┌────────

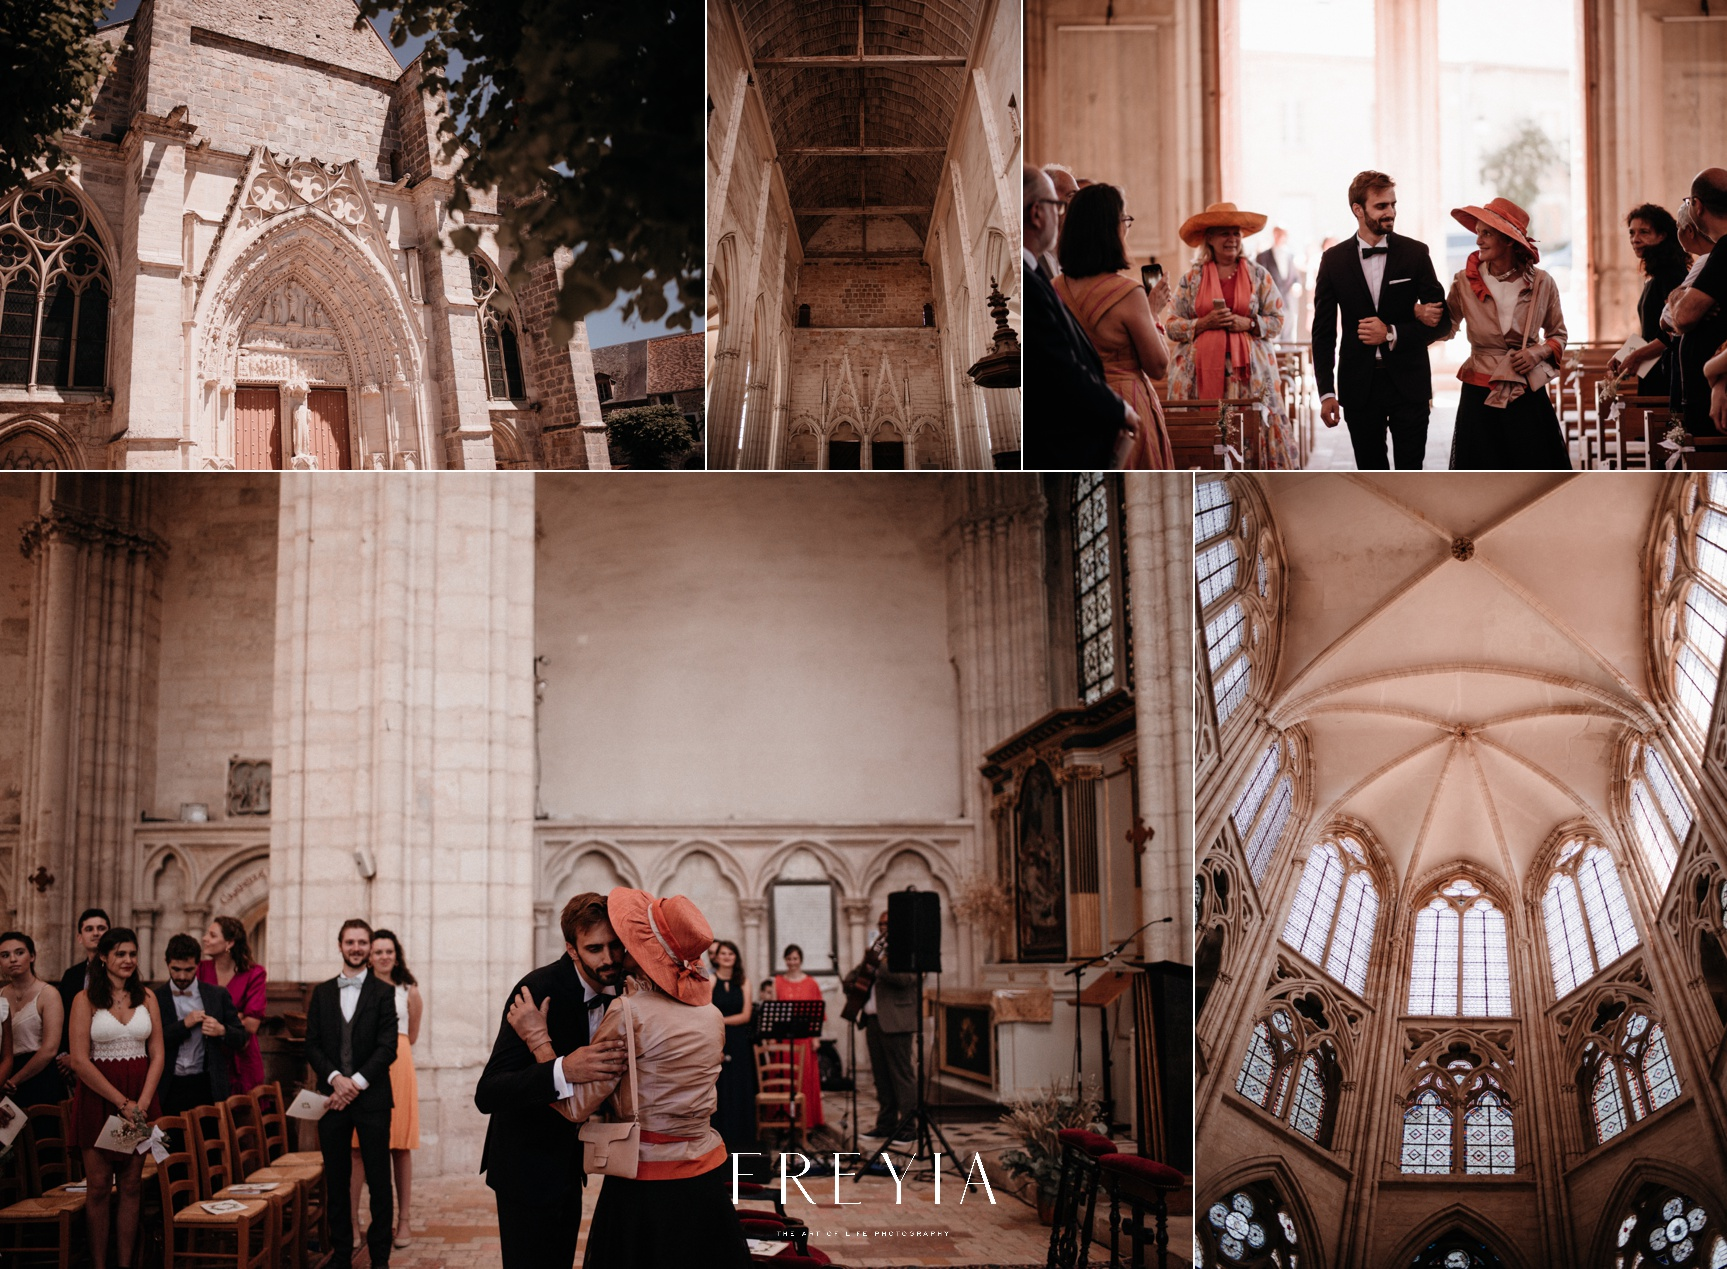 R + T |  mariage reportage alternatif moody intime minimaliste vintage naturel boho boheme |  PHOTOGRAPHE mariage PARIS france destination  | FREYIA photography_-130.jpg
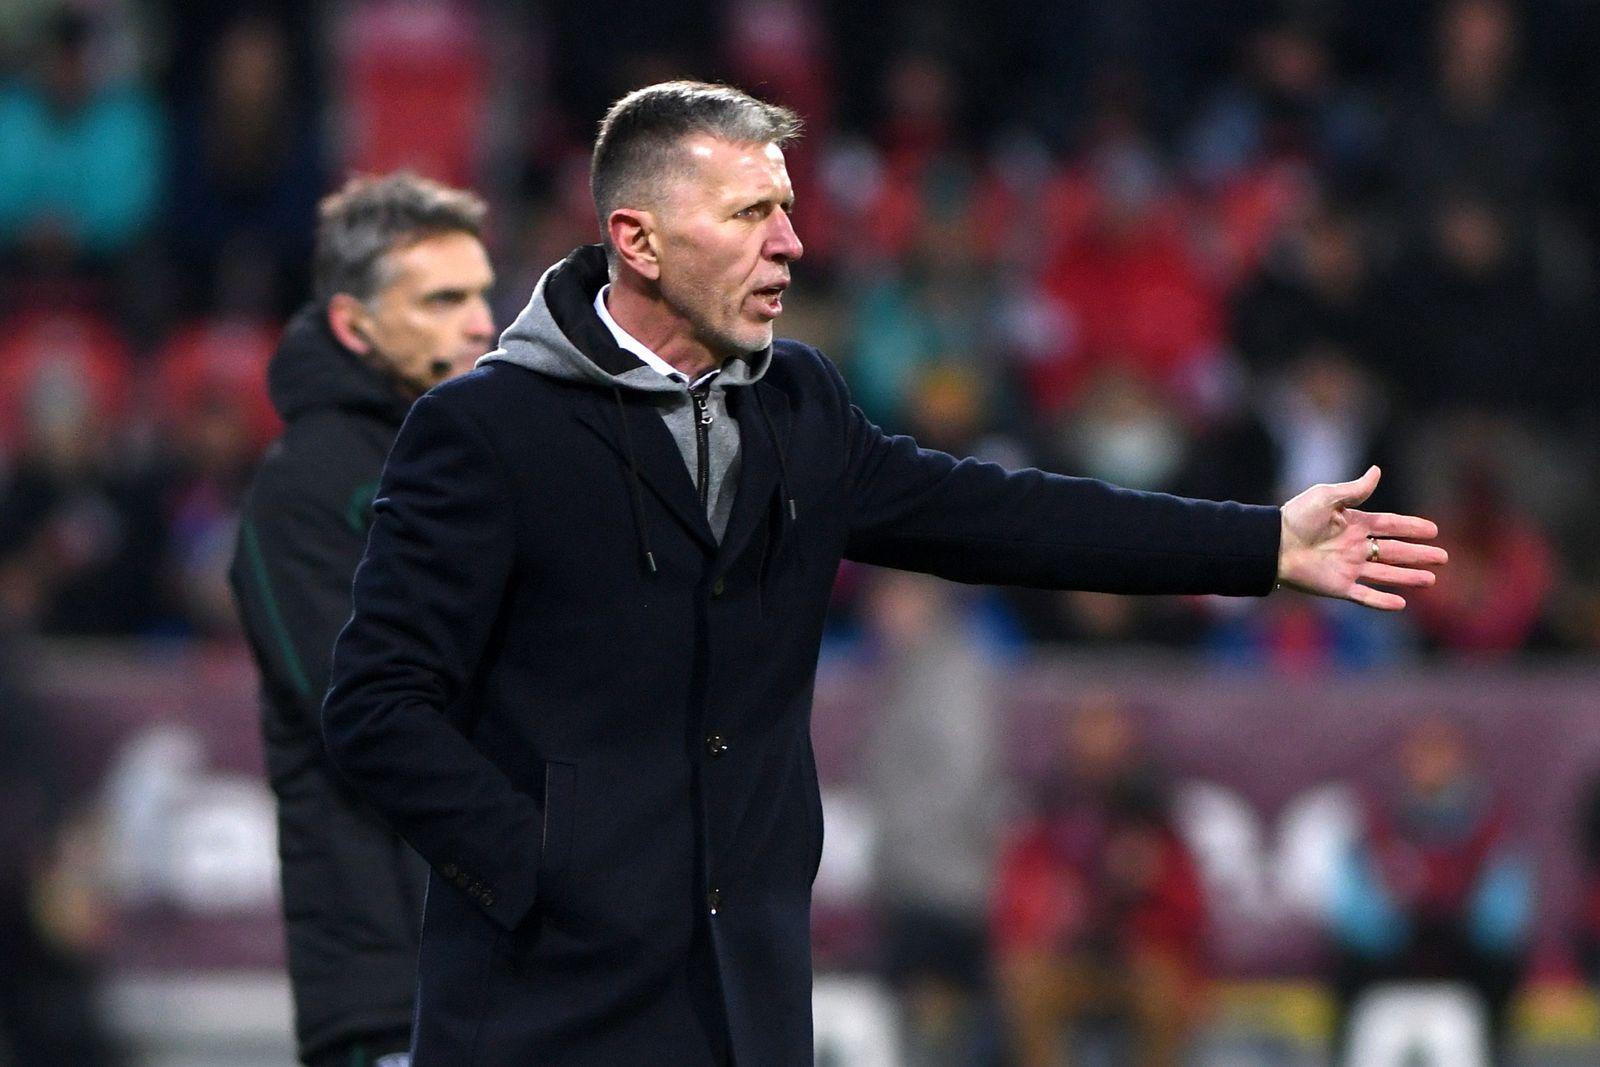 EUROPEAN UEFA QUALIFY EURO 2020, PILSEN 14-11-2019, CZECH REPUBLIC-KOSOVO 2-1, COACH JAROSLAV SILHAVY QUALIFICAZIONI EUR
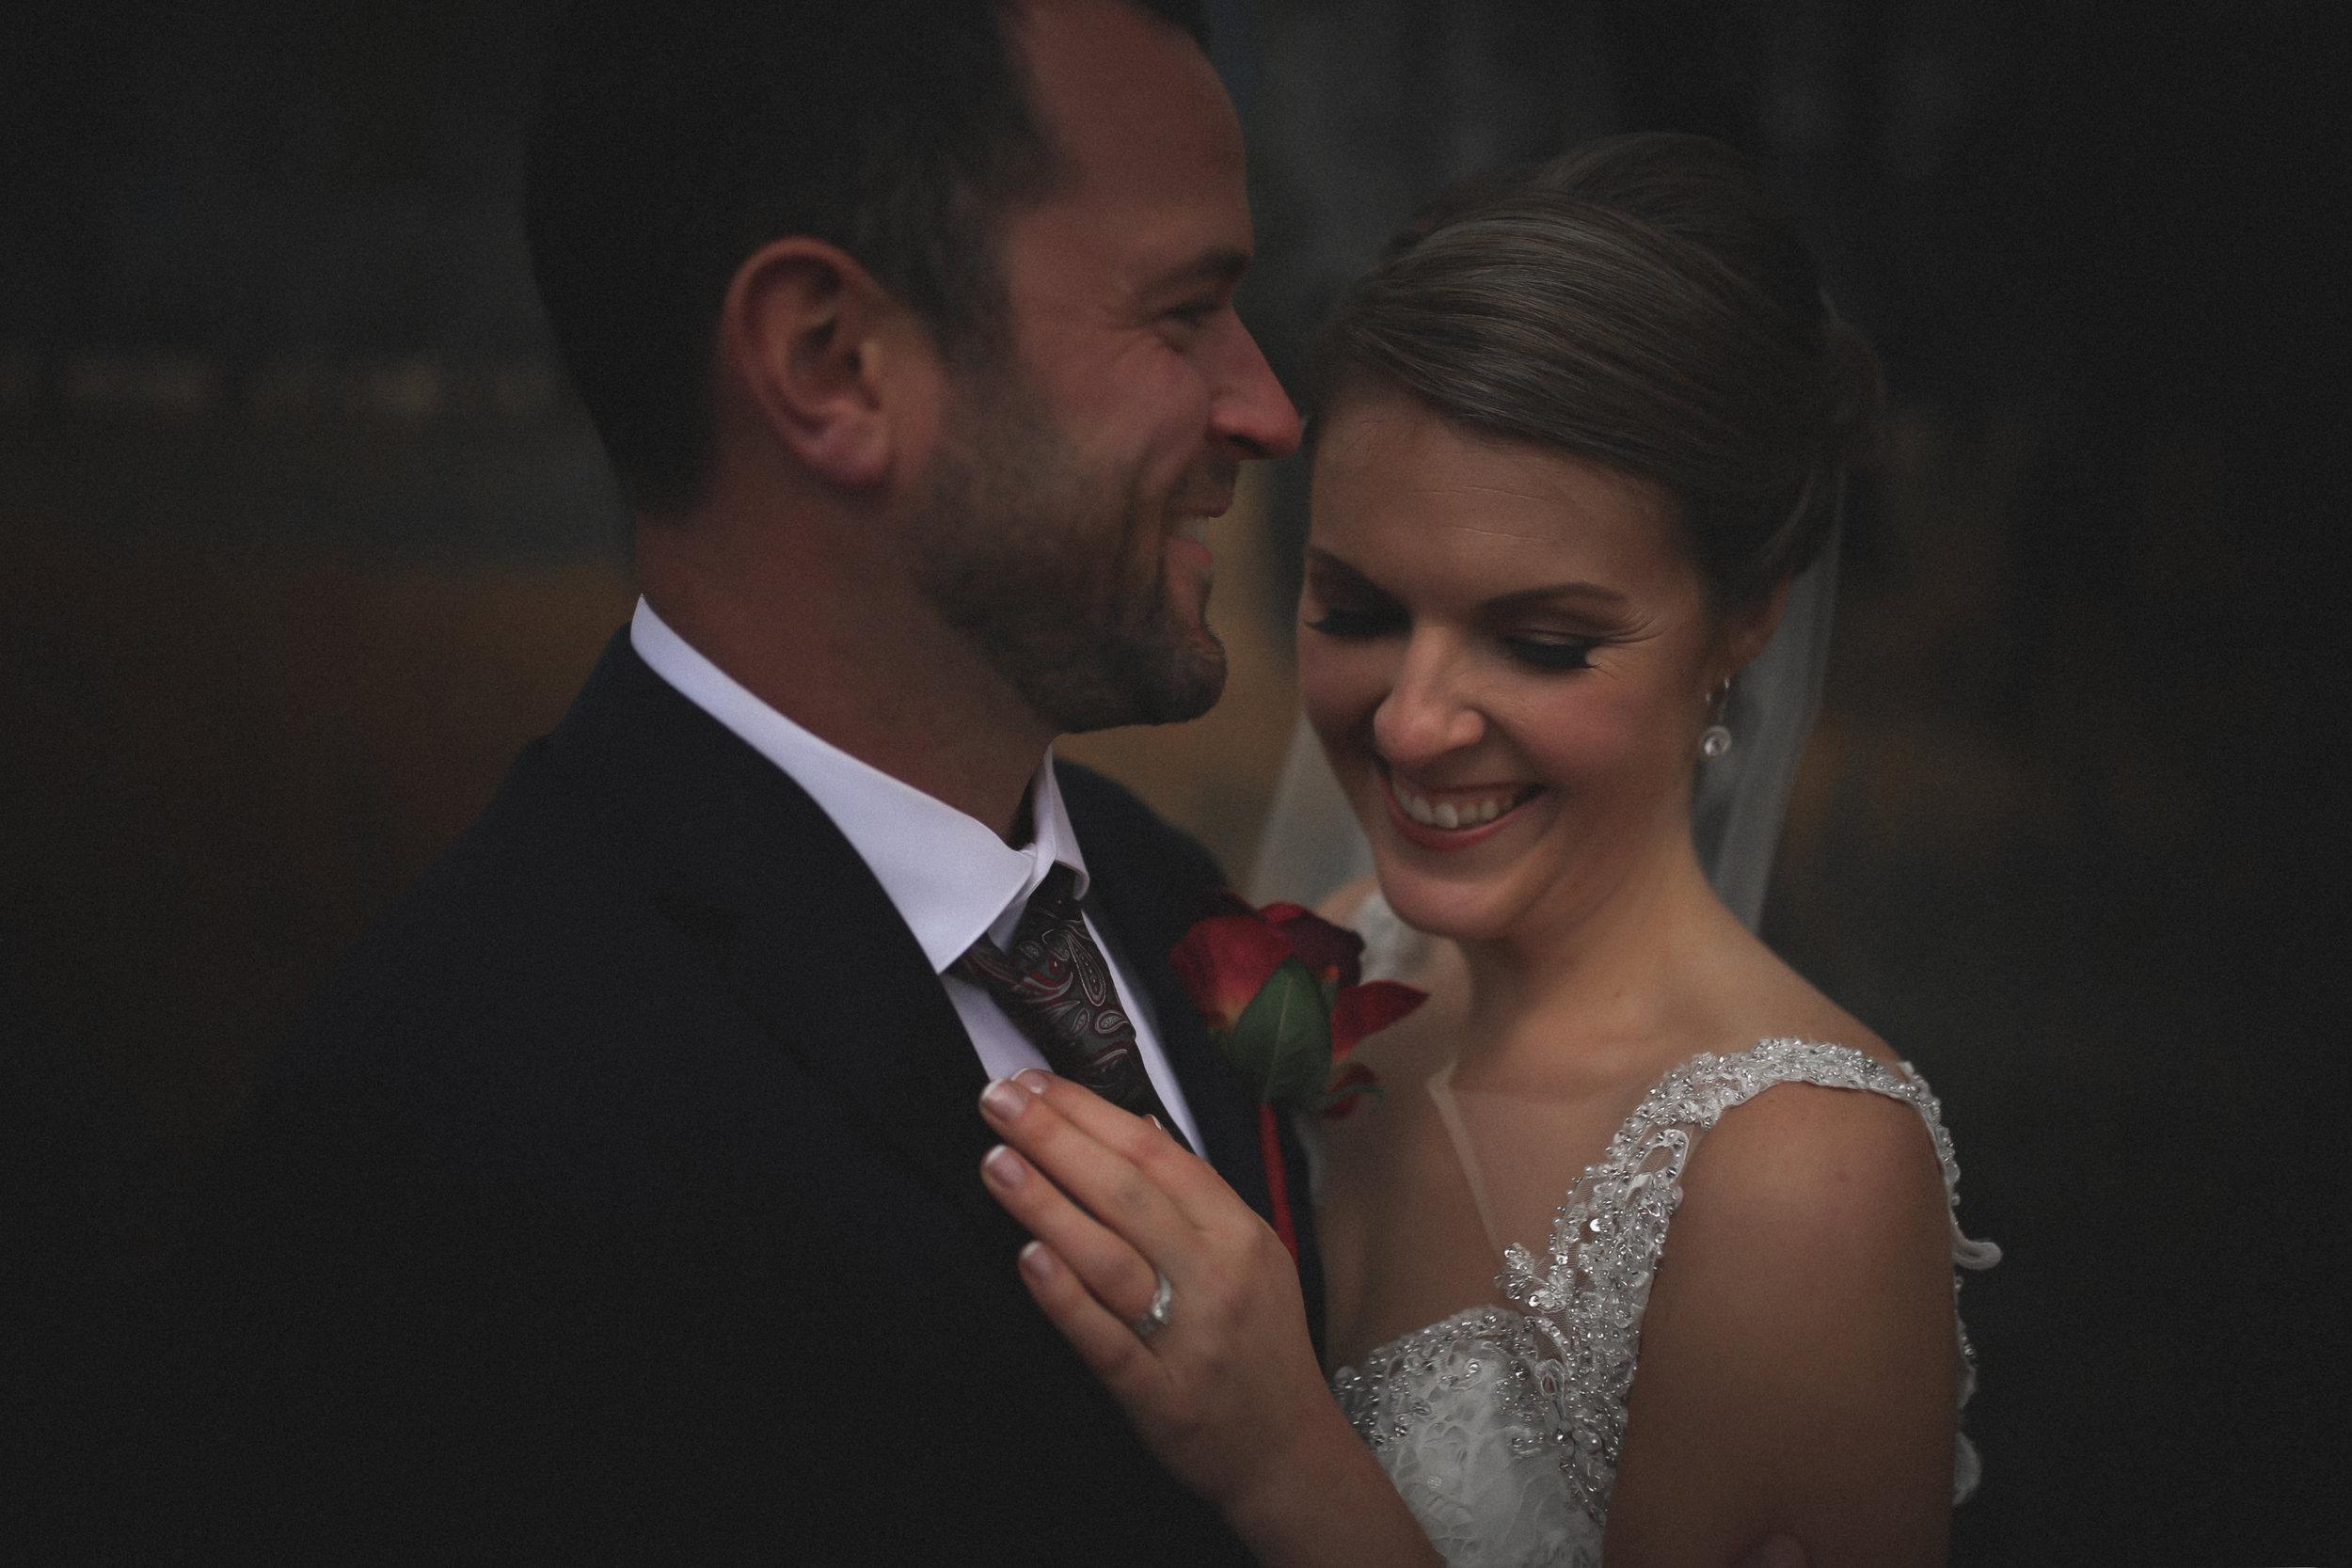 12 Adam Ziorio Photography - Vitoria wedding photographer Nick&Bree Fernie Wedding.jpg

└────────

§ **What you will do**:
Beginning with the line containing "EUROPEAN UEFA QUALIFY" and ending with the last line of the data, output those lines exactly and nothing more. Omit every picture.

§ **The completed task**:
 EUROPEAN UEFA QUALIFY EURO 2020, PILSEN 14-11-2019, CZECH REPUBLIC-KOSOVO 2-1, COACH JAROSLAV SILHAVY QUALIFICAZIONI EUR
 12 Adam Ziorio Photography - Vitoria wedding photographer Nick&Bree Fernie Wedding.jpg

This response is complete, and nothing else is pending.